Патрик не выдержал, сел прямо на тротуар и расплакался от переизбытка чувств.
МЕНЯЛА ДУШ
не отбрасывая тени, мы по сумеркам плывем,
не отбрасывая тени, мы на облаке живем.
и кивают, и кивают, не отбрасывая тени,
очень важно головами наши тоненькие шеи.
пляшет небо под ногами, пахнет небо сапогами.
мы идем, летим, плывем, наше имя — легион.
Глеб Самойлов
СТУПЕНИ ВЛАСТИ
Утром начался снег. Первый снег в этом году. Густые серые хлопья повалились с неба, словно кто-то прорезал дыру в мешке с годовым запасом. Небо потемнело. Мир стал похож на мышеловку, такой же серый и грустный. Асфальт дорог, крыши домов, парковочные площадки покрылись большими лужами. Снег падал, кружился в полете, выстраивая балет падения, и, опускаясь на поверхность, тут же таял, расплываясь в лужи и лужицы. К вечеру эти лужи схватит морозец и они превратятся в стекло. Но это будет вечером.
Яровцев торопился. К десяти утра требовалось его присутствие в особняке Папы. Сегодня должно было состояться официальное вступление Семена Костарева в должность главы фирмы и управляющего делами семьи Папы.

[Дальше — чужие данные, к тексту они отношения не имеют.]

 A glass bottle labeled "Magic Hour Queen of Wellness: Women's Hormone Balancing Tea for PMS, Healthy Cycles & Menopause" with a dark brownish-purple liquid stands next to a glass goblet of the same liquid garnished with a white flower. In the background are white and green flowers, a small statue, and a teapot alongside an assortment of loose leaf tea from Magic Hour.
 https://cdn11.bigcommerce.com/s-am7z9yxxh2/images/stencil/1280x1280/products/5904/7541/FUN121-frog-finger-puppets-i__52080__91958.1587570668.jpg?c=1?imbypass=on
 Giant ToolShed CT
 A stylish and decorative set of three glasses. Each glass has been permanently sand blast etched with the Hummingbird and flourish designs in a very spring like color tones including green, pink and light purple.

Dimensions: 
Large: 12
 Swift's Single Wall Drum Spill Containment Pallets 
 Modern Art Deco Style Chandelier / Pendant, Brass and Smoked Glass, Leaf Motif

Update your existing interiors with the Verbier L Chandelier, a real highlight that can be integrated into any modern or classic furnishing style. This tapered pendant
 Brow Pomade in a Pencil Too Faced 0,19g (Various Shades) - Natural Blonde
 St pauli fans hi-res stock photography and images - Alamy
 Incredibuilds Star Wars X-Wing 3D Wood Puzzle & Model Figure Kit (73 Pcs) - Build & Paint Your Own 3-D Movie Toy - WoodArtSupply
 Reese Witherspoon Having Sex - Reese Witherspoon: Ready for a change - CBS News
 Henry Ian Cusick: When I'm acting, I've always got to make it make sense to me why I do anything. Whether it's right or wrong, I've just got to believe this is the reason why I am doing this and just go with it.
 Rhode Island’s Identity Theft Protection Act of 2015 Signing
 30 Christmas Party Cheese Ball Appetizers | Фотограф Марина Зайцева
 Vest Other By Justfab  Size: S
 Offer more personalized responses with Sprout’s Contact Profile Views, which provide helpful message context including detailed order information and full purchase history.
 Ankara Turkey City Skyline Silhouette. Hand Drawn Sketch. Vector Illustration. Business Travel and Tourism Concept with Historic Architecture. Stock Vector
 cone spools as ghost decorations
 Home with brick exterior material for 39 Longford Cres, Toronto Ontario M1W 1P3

Жена шефа и его сын передали все права и полномочия, которыми владели, в руки Костарева. Ярослав не был этому рад. Он опасался такого поворота событий. Их было трое. Три друга, составлявшие костяк людей Папы. Семен Костарев, Ярослав Яровцев и Сергей Зубарев. Приход к власти одного из троицы автоматически означал возвеличивание всех троих, но Ярослав предпочитал, чтобы на месте управляющего оказался кто угодно, только не Костарев. Семен человек властный, завистливый и черный. Он не потерпит рядом с собой конкурентов, которые номинально будут обладать тем же набором полномочий, что и он, с которыми ему придется согласовывать каждый шаг, поскольку в империи, построенной покойным шефом, они окажутся равными по значению фигурами и, стало быть, соперниками. Как надо поступать с конкурентами, Яровцев знал, а как поступит Семен — предполагал. У него в памяти намертво отложилась проведенная Костаревым операция по устранению Столярова, бухгалтера и самого Боголюбова. Чисто, гладко, без сучка без задоринки! Такой операцией мог бы похвастаться любой хирург. Ярослав не сомневался, что следующие шаги Семена будут направлены на устранение Зубарева и его, может быть, не в физическом смысле, но в деловом уж точно.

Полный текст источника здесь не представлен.